In the BBC East Midlands Today [1] report on Peter Reading's sudden "retirement", they managed to caption my brief segment as "Ian Holden" - so I guess that might confuse someone in the HR department if they try to reprimand me for criticising the UHL Trust Board...
The story looks likely to rumble on for a while. The Leicester Mercury are reporting that Dr Reading will receive a "golden handshake" of around £750,000 - which is outrageous when compared with the struggle union representatives have had trying to secure redundancy payments for staff who are being told they have to be redeployed into lower grade jobs when their posts are made redundant.
The difference in treatment between ordinary NHS staff - who don't get asked to "retire" when they disappoint their managers but face disciplinary action and dismissal without pay - and Dr Reading, who will get a leaving present worth the equivalent of 37 nurses' annual salary, and is described as "retiring to spend more time with his family" - is very stark.
I can't go along with the patient groups who are saying "Peter Reading was a wonderful, and he made our hospitals great, so he shouldn't have been asked to retire". For one thing, Peter Reading may have been an excellent communicator, and a good ambassador for the UHL, but his record on the major change issues at UHL is not actually that great - the Pathway scheme was a disaster, they've done nothing to address the continued use of private contractors to lower price (and thus quality) on cleaning, catering and other Facilities Management services within the hospitals, he approved the switch to Capita for payroll services to save money, and he has driven forward the cuts agenda, leading to ward closures and job losses, both clinical and non-clinical.
Peter Reading is being described as "responsive", which I can see would make him popular with patients' groups. For instance, he has personally pressed for the changes in catering for the children's cancer ward at the LRI, in response to families of patients complaining that their food is inadequate. But the hundreds of thousands now being spent on developing kitchens and employing chefs will only serve patients on one ward - what about the quality of catering for all the other children in hospital? And what happens when the charity money runs out, once the story is not flavour of the week at the Leicester Mercury? Will nursing jobs go to pay for the chefs?
For staff at the UHL the future does now seem bleak. The collapse of Pathway is the result of a fundamental shift in power in NHS financial operation away from acute hospitals to the PCTs.
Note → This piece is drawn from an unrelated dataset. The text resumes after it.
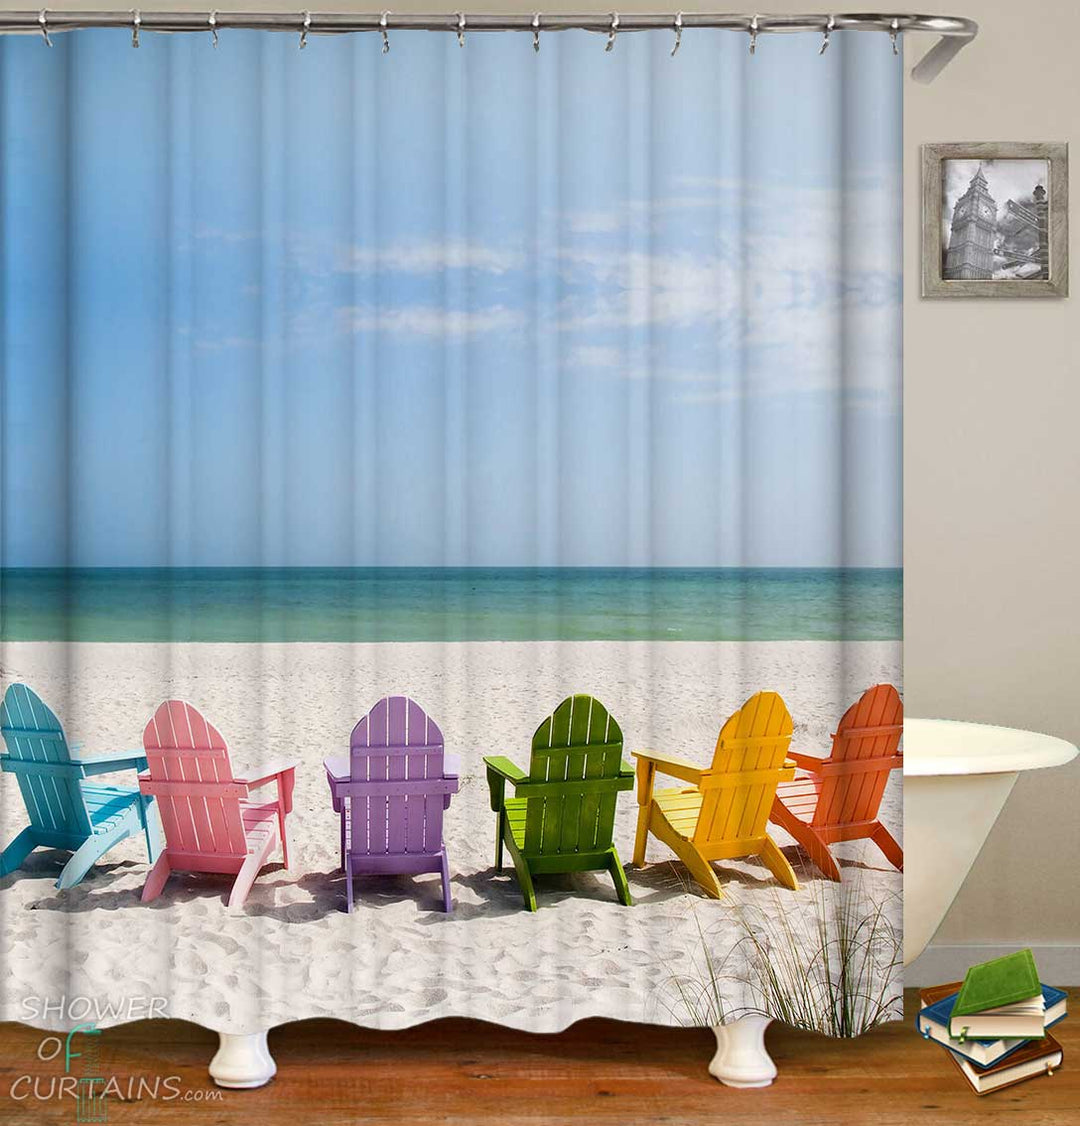 Shower Curtains with Multi Colored Beach Chairs

The PCTs have already pulled the plug on a number of acute services, both in mental health (leading to Leicestershire Partnership Trust having to close units and shut beds) and in medicine (most notoriously, slashing medical rehabilitation from ward 18 at the LGH without putting any suitable service into place in the community to take over care of the patients). And now the PCTs are running the review to determine
what should happen instead of Pathway. If there's any conflict between the clinical needs of Leicestershire's people and the financial resources available to the two PCTs, and there almost certainly will be, it's clear which way the review will go.
Peter Reading was not a superhero. But his departure probably does weaken still further the relative position of the UHL. UNISON will be calling for a replacement to be found immediately.